• Task item
Each line of the data has to be written out again exactly as shown.

• Supplied records
◆ ◆ ◆ ◆ ◆
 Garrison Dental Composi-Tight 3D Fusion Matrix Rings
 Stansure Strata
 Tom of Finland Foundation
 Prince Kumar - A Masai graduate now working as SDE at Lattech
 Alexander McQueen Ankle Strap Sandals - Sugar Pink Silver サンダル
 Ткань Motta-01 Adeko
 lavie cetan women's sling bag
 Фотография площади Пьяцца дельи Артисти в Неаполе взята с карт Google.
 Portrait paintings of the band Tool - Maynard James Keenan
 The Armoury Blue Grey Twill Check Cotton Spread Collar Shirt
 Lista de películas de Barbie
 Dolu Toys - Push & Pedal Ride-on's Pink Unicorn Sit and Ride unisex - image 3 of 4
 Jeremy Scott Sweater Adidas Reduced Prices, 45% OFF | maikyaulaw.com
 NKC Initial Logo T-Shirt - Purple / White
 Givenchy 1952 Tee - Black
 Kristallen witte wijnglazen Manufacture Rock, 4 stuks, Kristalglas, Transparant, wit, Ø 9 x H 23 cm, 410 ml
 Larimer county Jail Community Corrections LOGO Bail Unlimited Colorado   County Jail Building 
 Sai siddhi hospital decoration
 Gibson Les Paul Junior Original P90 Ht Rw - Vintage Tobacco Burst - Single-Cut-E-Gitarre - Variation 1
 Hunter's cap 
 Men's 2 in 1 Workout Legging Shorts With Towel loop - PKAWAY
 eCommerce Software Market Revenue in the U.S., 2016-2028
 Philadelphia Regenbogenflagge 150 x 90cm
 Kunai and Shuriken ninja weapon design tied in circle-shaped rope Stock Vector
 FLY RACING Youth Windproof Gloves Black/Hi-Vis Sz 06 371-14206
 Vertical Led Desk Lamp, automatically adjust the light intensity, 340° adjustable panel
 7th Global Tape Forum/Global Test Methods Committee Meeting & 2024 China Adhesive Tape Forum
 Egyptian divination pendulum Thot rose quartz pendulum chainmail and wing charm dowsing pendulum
◆ ◆ ◆ ◆ ◆
• Worked solution
 Garrison Dental Composi-Tight 3D Fusion Matrix Rings
 Stansure Strata
 Tom of Finland Foundation
 Prince Kumar - A Masai graduate now working as SDE at Lattech
 Alexander McQueen Ankle Strap Sandals - Sugar Pink Silver サンダル
 Ткань Motta-01 Adeko
 lavie cetan women's sling bag
 Фотография площади Пьяцца дельи Артисти в Неаполе взята с карт Google.
 Portrait paintings of the band Tool - Maynard James Keenan
 The Armoury Blue Grey Twill Check Cotton Spread Collar Shirt
 Lista de películas de Barbie
 Dolu Toys - Push & Pedal Ride-on's Pink Unicorn Sit and Ride unisex - image 3 of 4
 Jeremy Scott Sweater Adidas Reduced Prices, 45% OFF | maikyaulaw.com
 NKC Initial Logo T-Shirt - Purple / White
 Givenchy 1952 Tee - Black
 Kristallen witte wijnglazen Manufacture Rock, 4 stuks, Kristalglas, Transparant, wit, Ø 9 x H 23 cm, 410 ml
 Larimer county Jail Community Corrections LOGO Bail Unlimited Colorado   County Jail Building 
 Sai siddhi hospital decoration
 Gibson Les Paul Junior Original P90 Ht Rw - Vintage Tobacco Burst - Single-Cut-E-Gitarre - Variation 1
 Hunter's cap 
 Men's 2 in 1 Workout Legging Shorts With Towel loop - PKAWAY
 eCommerce Software Market Revenue in the U.S., 2016-2028
 Philadelphia Regenbogenflagge 150 x 90cm
 Kunai and Shuriken ninja weapon design tied in circle-shaped rope Stock Vector
 FLY RACING Youth Windproof Gloves Black/Hi-Vis Sz 06 371-14206
 Vertical Led Desk Lamp, automatically adjust the light intensity, 340° adjustable panel
 7th Global Tape Forum/Global Test Methods Committee Meeting & 2024 China Adhesive Tape Forum
 Egyptian divination pendulum Thot rose quartz pendulum chainmail and wing charm dowsing pendulum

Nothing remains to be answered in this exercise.